どんな病気か?
椎間板は、椎体と椎体の間にあって脊柱に加わる衝撃を緩和するクッションの役割をしています。
椎間板は、中央にゼラチン様の柔らかい髄核があり、その周囲を線維輪という比較的硬い軟骨が幾重にも囲んでいて、脊柱に上下から加わる力を全体に均一に分散させ、衝撃をやわらげています。
二十歳代になると、椎間板に変性が始まり、線維輪の弾性力がなくなり、ところどころに亀裂が生じ始めます。一方、髄核はまだ水分を十分にふくんでいて、弾力性も保たれているので、椎間板に強い力が加わると、椎間板内の圧が一時的に上昇し、線維輪の亀裂から髄核が押し出されてきます。

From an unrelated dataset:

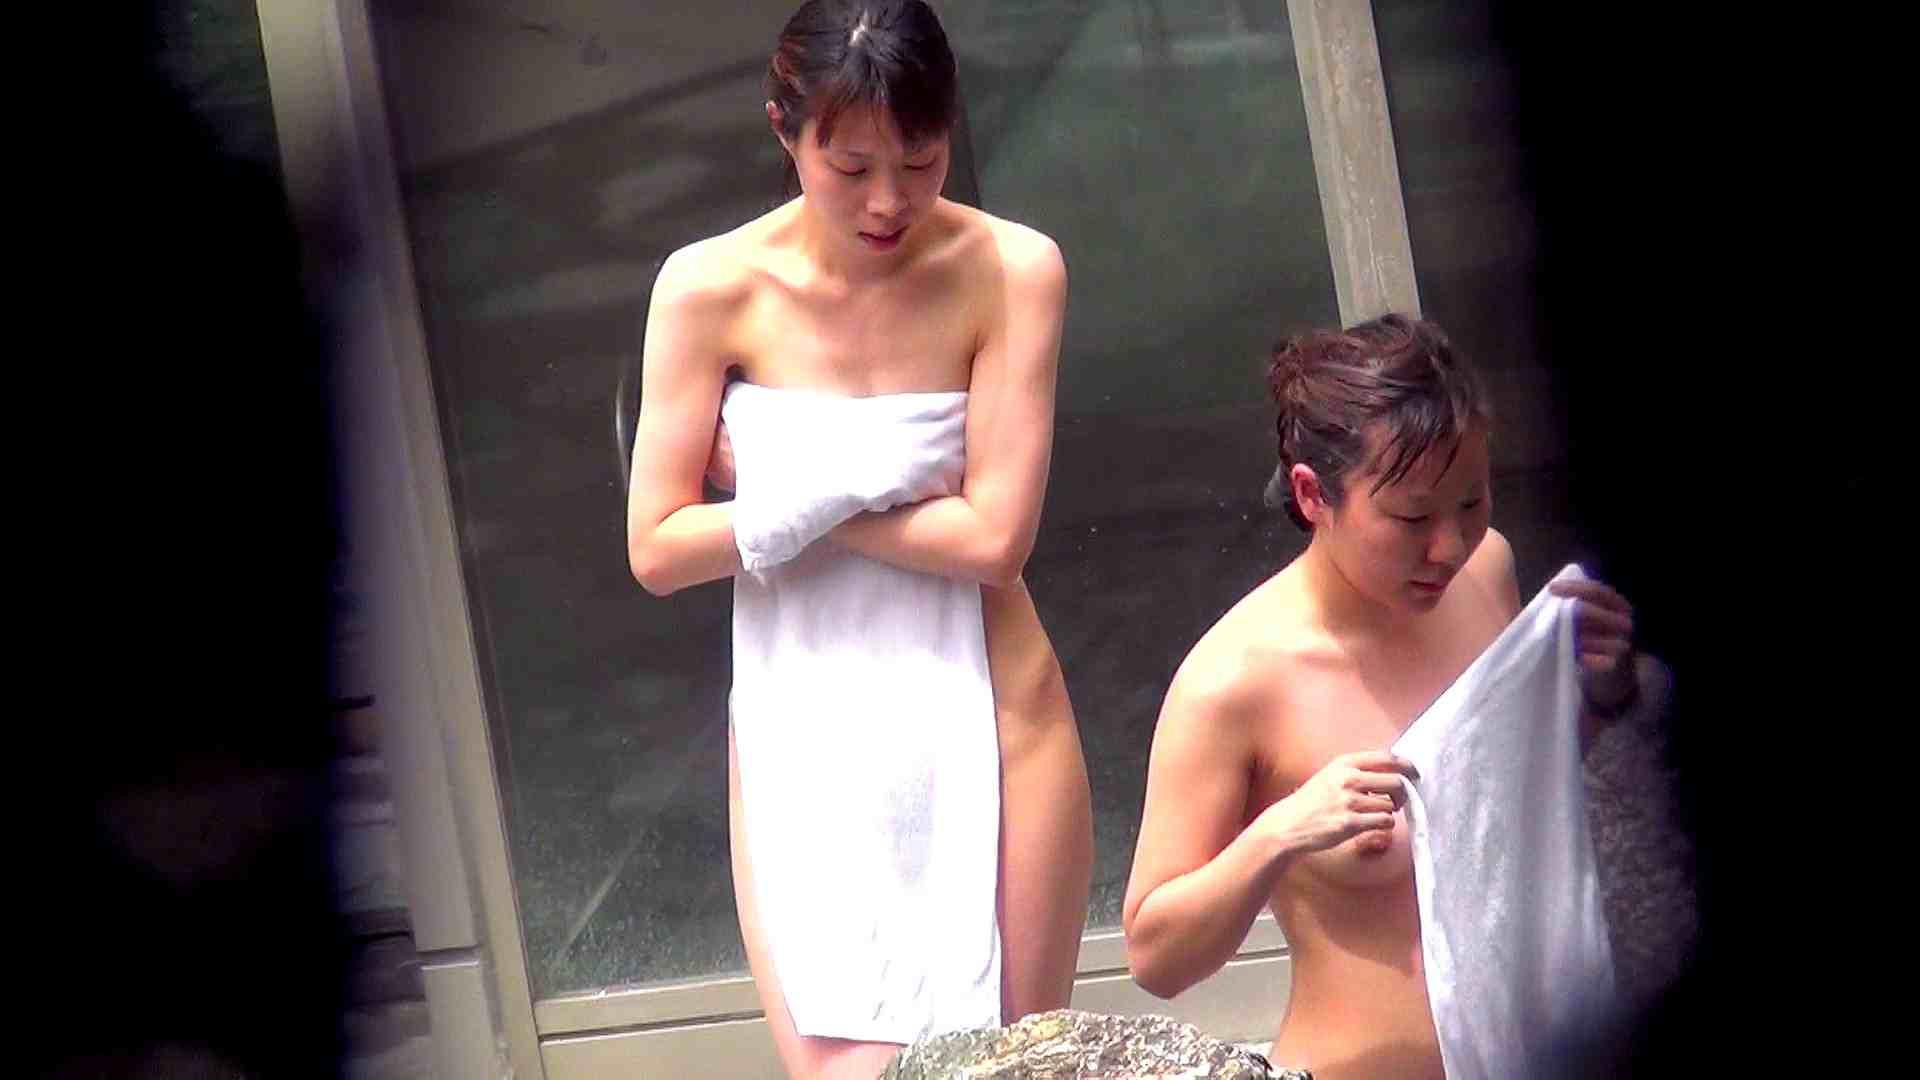 Aquaな露天風呂Vol.292 OLセックス 覗き性交動画流出 106画像 77

この状態が椎間板ヘルニアです。
線維輪の亀裂は、抵抗の弱い後側方や後方に生じることが多いので、ヘルニアの背中側におこりやすいのですが、その部位には脊髄や脊髄から分散する神経根があるために、それらが脱出した髄核によって圧迫されて、痛みなどの症状がおこります。
病気になりやすい人
椎間板ヘルニアは、髄核にまだ弾力があって線維輪に亀裂が生じている二十歳から三十歳代の男性に多い病気で、腰椎の下部に最もおこりやすく、この年代の男性に見られる腰痛の多くの原因になっています。

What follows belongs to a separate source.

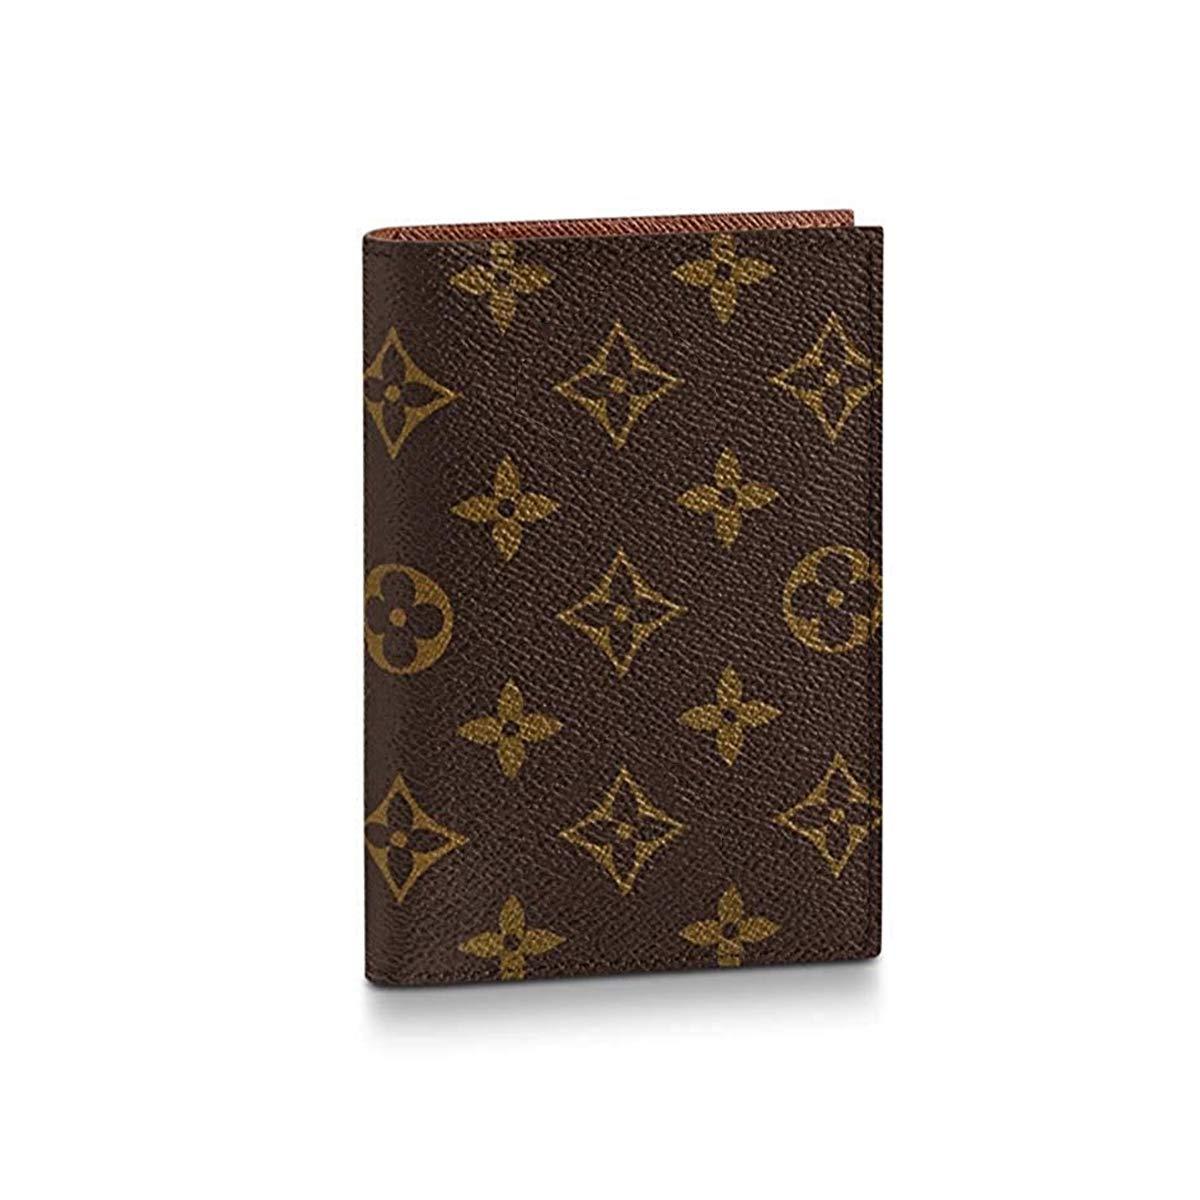 Xleoo Passport Cover Monogram M64502

急激に腰をひねったり、中腰で重いものを持ち上げたりしたときに、椎間板に強い力が加わっておこることが多いものです。
おこりやすい部位
腰椎におこることが多く、頚椎におこることもありますが、腰椎に比べると頻度ははるかに低いです。頚椎におこった椎間板ヘルニアは、手のしびれや、痛みの原因になります。